Organogenesis is the period of embryogenesis during which the three germ layers formed during gastrulation are further organized into tissues and organs. This process often requires the rearrangement and interaction of disparate and distant cells. These cells must frequently migrate from their original positions to their final locations. Most organs are formed through the interaction of two or more germ layers. (Gilbert, 2003). Such is the case for the Gallus domesticus heart.

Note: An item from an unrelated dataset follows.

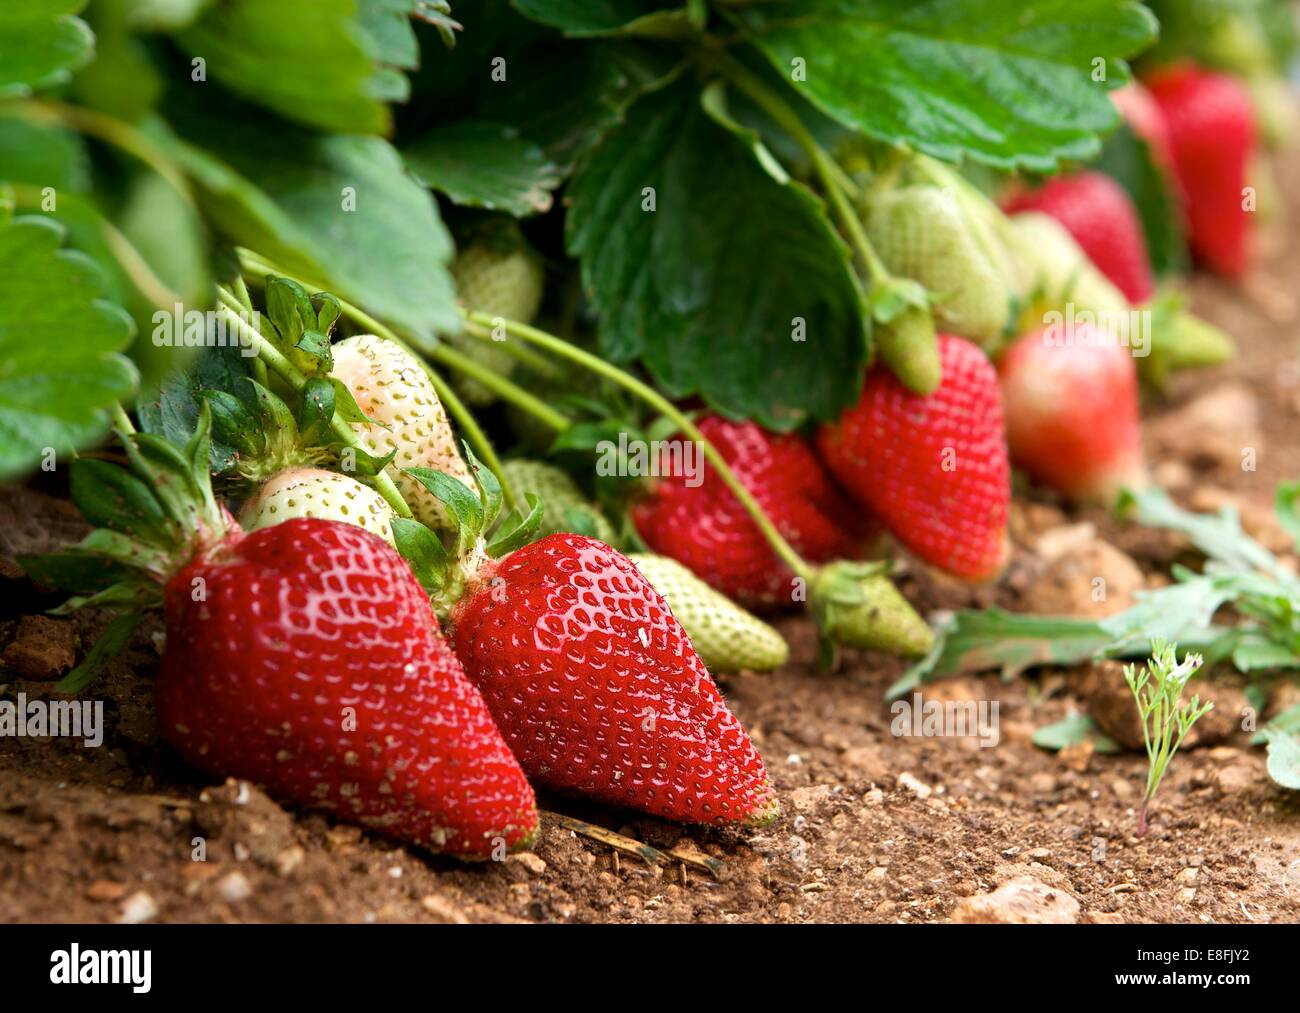 -Fotos – -Bildmaterial hoher und Alamy Auflösung Erdbeerpflanzen in

The heart is the first functional organ to form in the amniote vertebrate. In chicks, presumptive heart cells migrate through the primitive streak and form two groups of mesodermal cells lateral to and level with Hensen’s node (Gilbert, 2003). These cells are collectively referred to as the cardiogenic mesoderm and form from the lateral plate mesoderm. The cardiogenic mesoderm layer is specified by the underlying anterior endoderm through BMP and FGF signalling pathways. These signals direct the two groups of cells to differentiate independently while they migrate anteriorly toward the gut tube. The two endocardial tubes fuse when the infolding of a superficial layer called the splanchnic (or ventral) mesoderm brings them together. Migration and fusion seem to be directed, respectively, by a fibronectin gradient in the foregut endoderm, and the selective expression of N-cadherin on the apices of the migrating bilateral primordial. These two clusters will go on to form atrial, ventricular musculature, cushion cells of valves, the Purkinje conducting fibers, and endothelial lining of heart (Gilbert, 2003).

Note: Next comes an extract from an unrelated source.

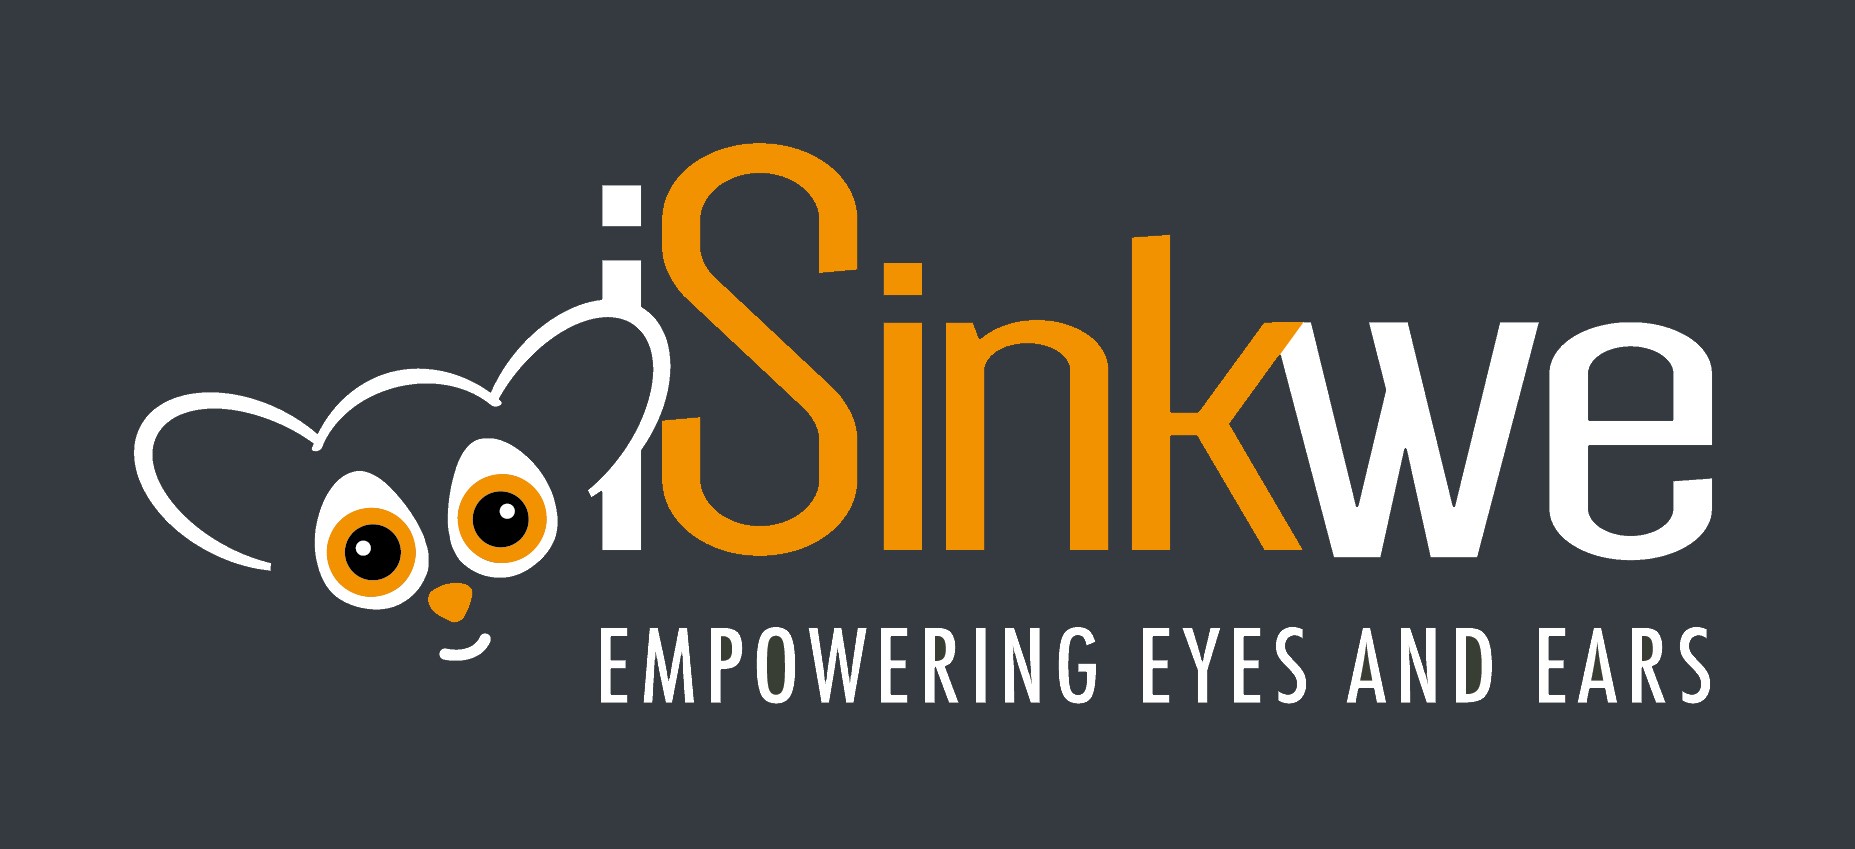 iSinkwe - empowering eyes and ears

There are two modes of development common to most species in the animal kingdom. Virtually all embryos undergo both mosaic and regulative development at some point during their growth. Regulative development generally occurs in early gastrulation when cells are induced to form different structures according to the cell-cell signalling interactions in a specific area of the embryo that lead to the conditional specification of a cell’s fate. A cell undergoing regulative development can be transplanted to another part of the embryo and form whatever structure belongs in that area instead of the structure that it would have originally formed because it is competent to receive the different signals from the new cells around it.

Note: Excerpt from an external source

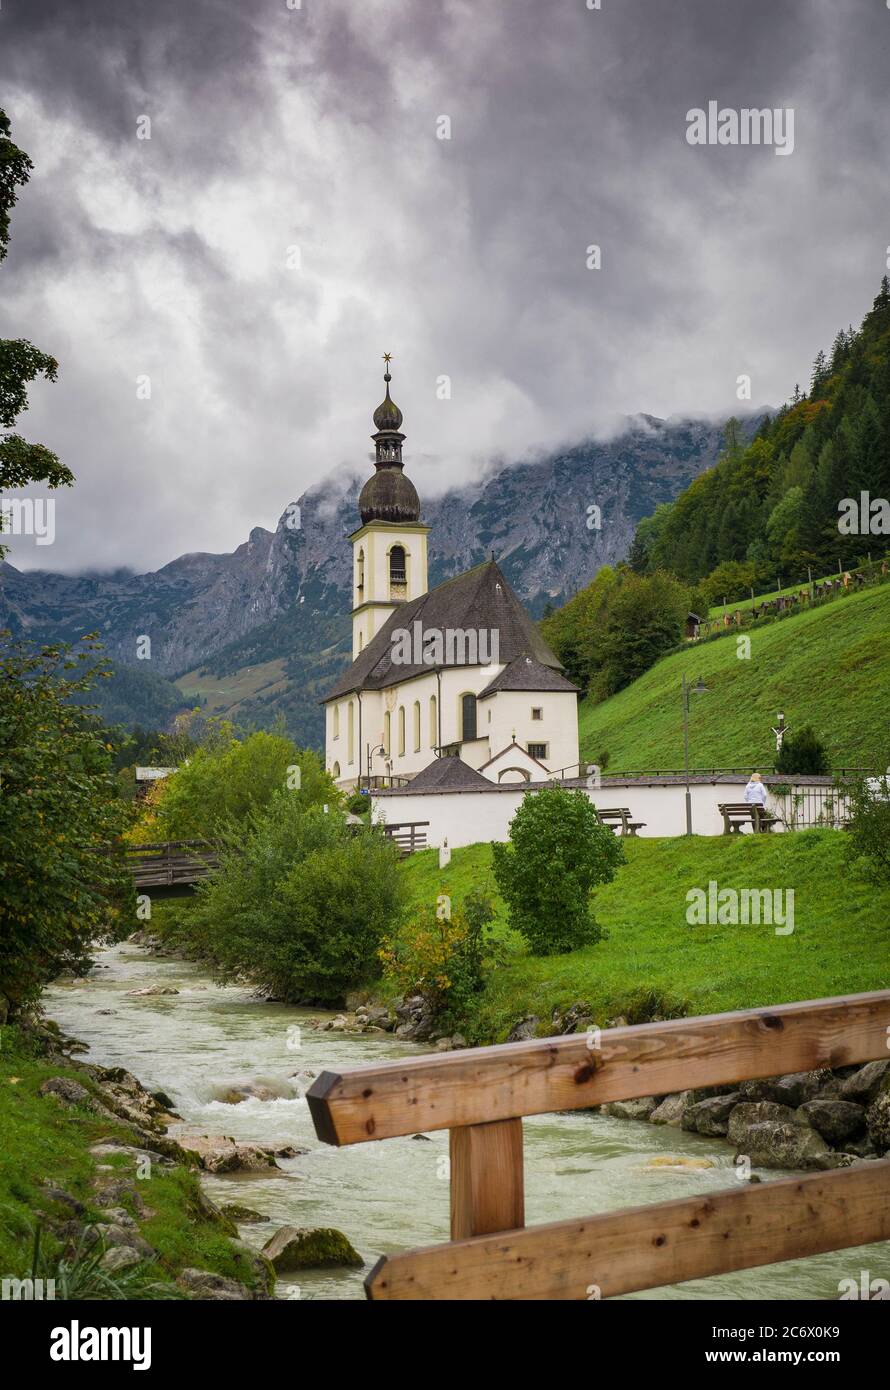 El famoso curch en Ramsau, Berchtesgaden Foto de stock

The second mode of development is mosaic development. Mosaic development results from the autonomous specification of a cell’s fate. These cells, instead of depending on cell-cell interactions, are determined by cytoplasmic factors contained within the cell itself. These cells will form a given structure even if they are moved to a new location and are exposed to cell-cell interactions and signals that differ from their original position. Most organisms contain different types of tissues, each of which may undergo one of these developmental mechanisms at a given time (Gilbert, 2003).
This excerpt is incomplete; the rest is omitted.